Nie wierzcie w doniesienia, które przewidują, że w Ziemię uderzy planeta Nibiru. Bo ona… nie istnieje!
Co to jest Nibiru? Niektórzy miłośnicy „końca świata w 2012 roku” wierzą, że istnieje planeta, którą tak nazywają. Ta planeta pod koniec 2012 roku niebezpiecznie zbliży się do Ziemi albo nawet z nami się zderzy. I to będzie właśnie to „straszne coś”, co się ma wydarzyć za niecałe dwa lata. Tu koniecznie dodam, że ja w żadne końce świata nie wierzę. Przeżyłem ich kilka, ponieważ co parę lat pojawiają się oszołomy, którzy owe końce świata głoszą. Nie wierzymy im, ale ich poglądy czasem warto odnotować.
Planeta Nibiru ma zatem krążyć wokół Słońca po bardzo wydłużonej orbicie, przez co przez większość czasu pozostaje niewidoczna. Kiedy zbliża się do Słońca, mija je w odległości zbliżonej do tej, w jakiej krąży Ziemia. Zwolennicy tej teorii twierdzą, że teraz Nibiru zbliża się do Słońca i podobno ktoś ją widział! I to już w 2003 roku. Nawet można znaleźć w internecie filmiki ją przedstawiające. A co naprawdę prezentują, to tylko ich autorzy wiedzą. Tu uwaga: gdyby faktycznie planeta Nibiru istniała i zbliżała się do Słońca, to byłaby już od paru lat widoczna, i to nie przez jakieś wyrafinowane teleskopy, tylko gołym okiem. A jednak jej nie ma. Z tego wniosek, że nie istnieje.

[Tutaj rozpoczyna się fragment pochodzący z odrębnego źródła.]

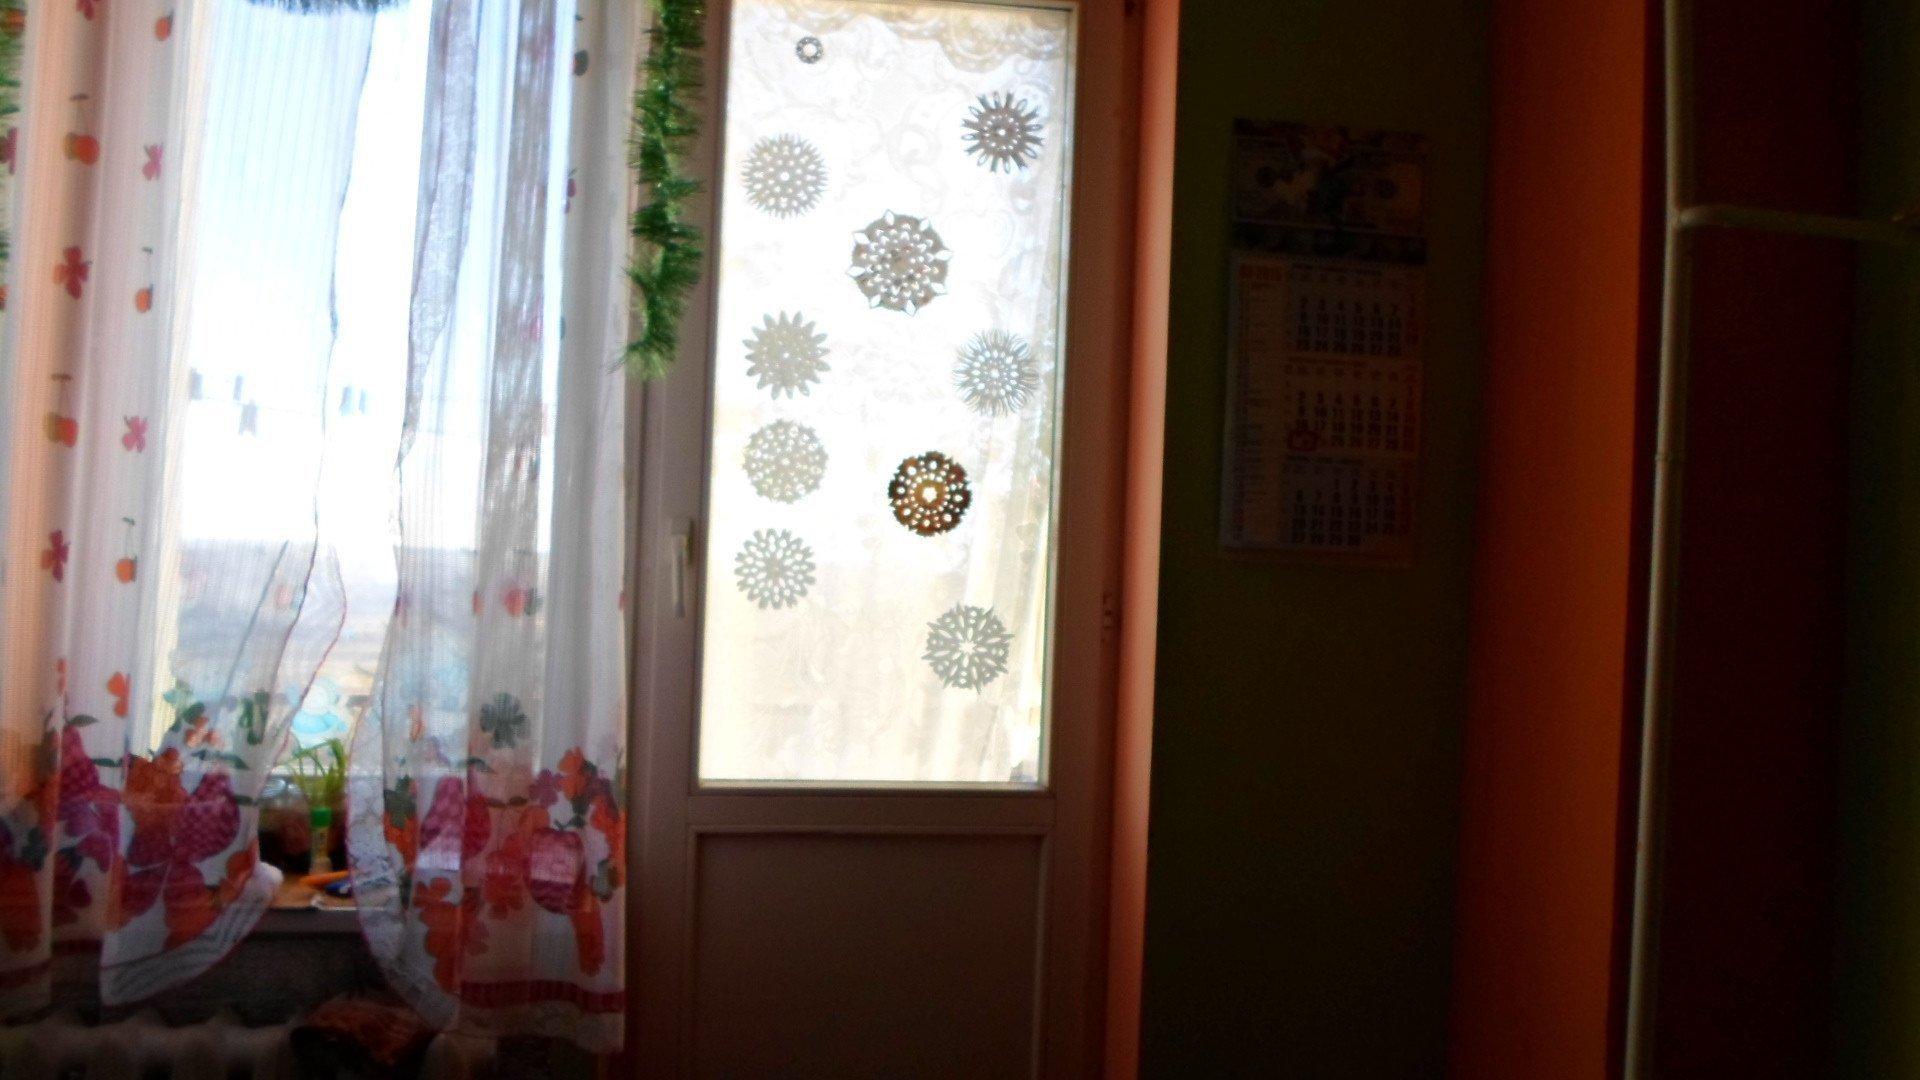 Фото: Продам квартиру в місті Бишів. Оголошення № 5180

Tak naprawdę planetę Nibiru wynalazł amerykański pisarz fantasta Zecharia Sitchin (1920–2010), urodzony w Azerbejdżanie. I to on wymyślił, że obieg tej planety wokół Słońca trwa 3750 lat. Twierdził także – co powtarzają wyznawcy Nibiru – że na planecie tej żyje kosmiczna cywilizacja dużo bardziej rozwinięta od ludzkiej. Owi obcy w dawnych czasach mieli odwiedzać Ziemię i dać początek ludzkim cywilizacjom. Znali ich jakoby starożytni Sumerowie pod nazwą Anunnaki. (Uwaga, to nie jest liczba mnoga).
Słowo Nibiru pochodzi z języka akadyjskiego, używanego w Babilonie, pierwotnie znaczyło „bród”, czyli przeprawa przez rzekę. A w ich astronomii oznaczało punkt na niebie, gdzie Słońce znajduje się podczas letniego przesilenia, czyli po naszemu punkt zero stopni w znaku Raka. Z innych tekstów w piśmie klinowym wynika, że tym samym słowem określano Jowisza, a niekiedy jakąś gwiazdę w pobliżu bieguna. Obecna Gwiazda Polarna wtedy na biegunie nie leżała. Słowo „Anunnaki” znaczyło zaś „dzieci bogów” i tak w Babilonie nazywano wszelkie pomniejsze bóstwa gwiazd i planet.